Jane, her head cradled in Henry’s arm, stirred, half-asleep. “Do you think that was Jack?”

“Perhaps.” Or someone else’s child, he thought, falling to the Moon in one of the Arks, the huge, heavy, clumsy mass transports, cushioned by the Moon’s new atmosphere behind a fat aeroshell.

Henry’s outlandish scheme had worked.

It was no less difficult to get out of Earth’s gravity well than it had ever been. But the presence of a braking atmosphere on the Moon had reduced the fuel load the big Arks had to carry by an order of magnitude, and made mass evacuation, of humans and the biosphere, possible. Not only that, he had given them somewhere worthwhile to go.

And so the Shuttle-Zs launched almost daily, from Canaveral and Kourou and Baikonur, crude Saturn V-class boosters assembled from Space Shuttle technology, people crammed into sardine-can spaceships, fleeing to the Moon. He knew that Geena had emerged from her voluntary exile in the Russian heartland to work at Baikonur, trying to maintain some kind of standard of excellence among the fragmented, ill-trained and badly frightened work force there.
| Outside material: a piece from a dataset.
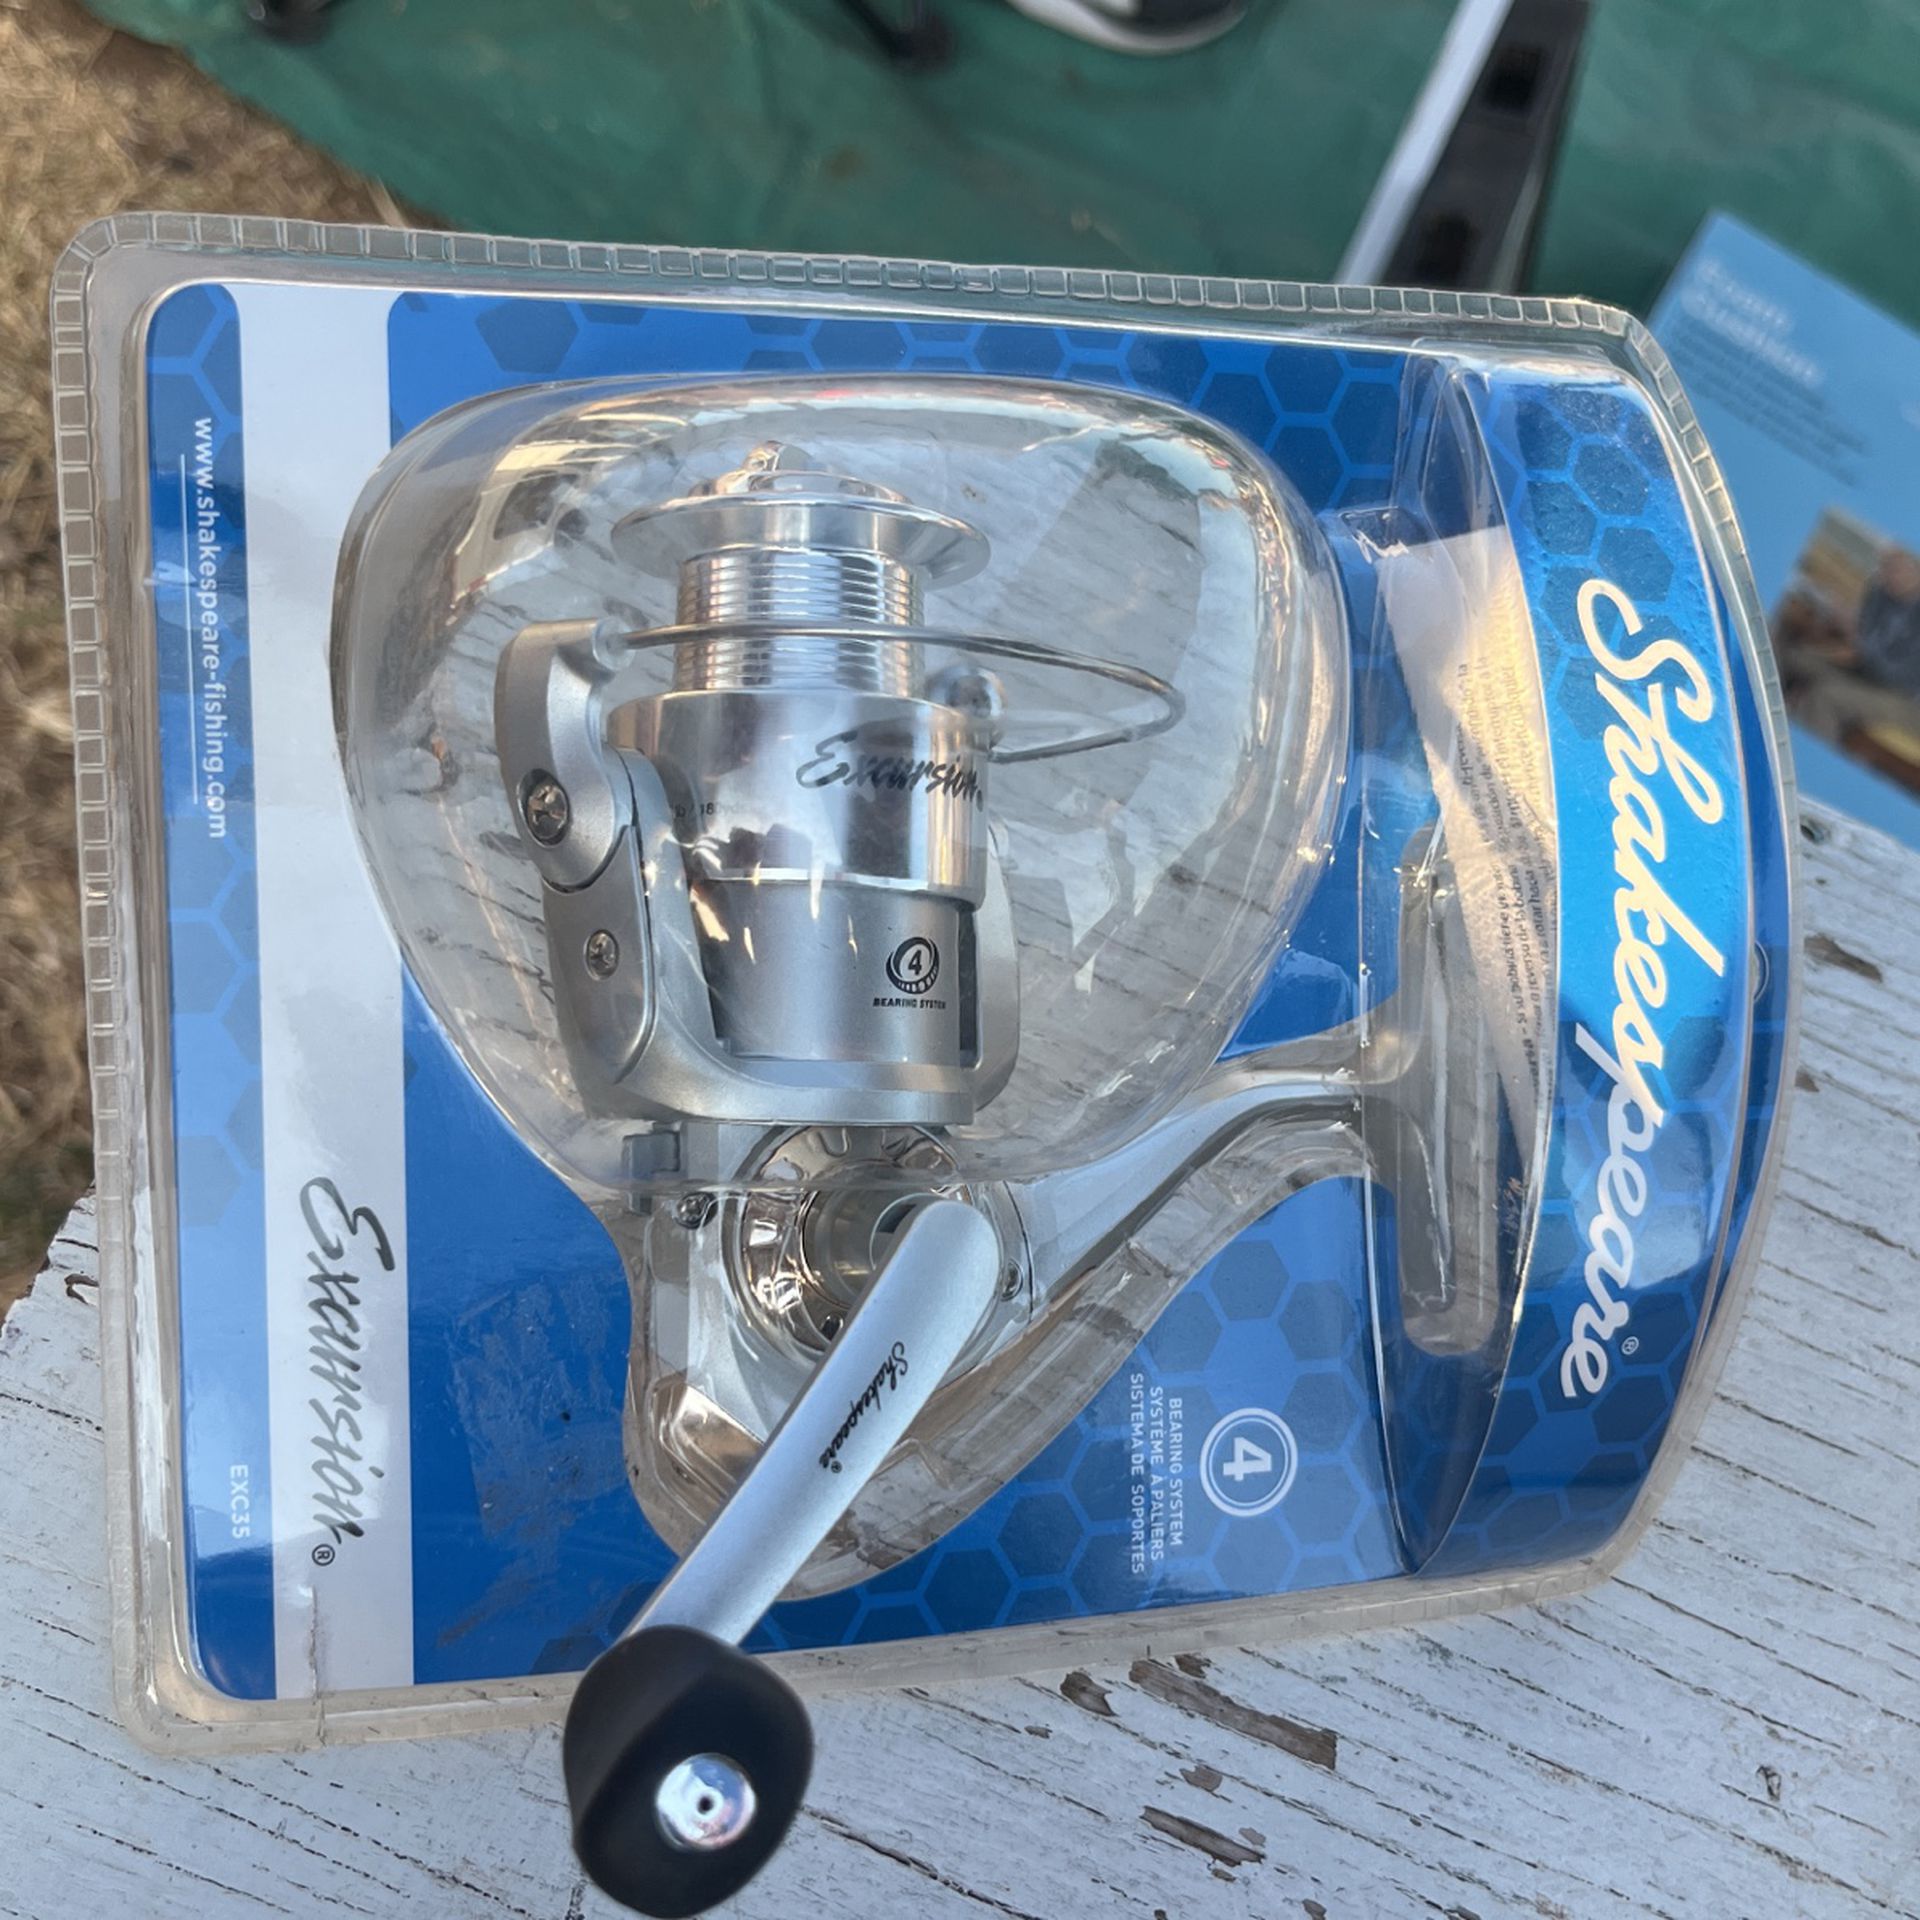 Shakespeare Excursion Fishing Spinning Reel for Sale in San Antonio, TX -  OfferUp

Or maybe it was a Chinese ship, or one of the Indian fleet, based on old Soviet-era Energia technology, built with such haste and crammed even more full than the Shuttle-Zs, with even less precaution and safety checks than in the western sites. The Indian failure rate was a whopping forty per cent, and the toll in lost lives, on those crowded space trucks, was immense. Frank Turtle, the strange little guy from the bowels of NASA who had done so much to return humans to the Moon, had lost his life when one of those big old Energia clones had dropped back to the launch pad on Sri Lanka and blown apart, taking half the island with it.

The rumours were that the failure statistics in China weren’t much better.

It wasn’t going to stop the launches, though, nor the desperate press of people to get themselves or their children on those ramshackle ships. And Henry knew that any government that tried to scale down its launch program would suffer massive civil unrest. The launches were a safety valve, he supposed, the promise of one route, at least, out of the trap Earth had become.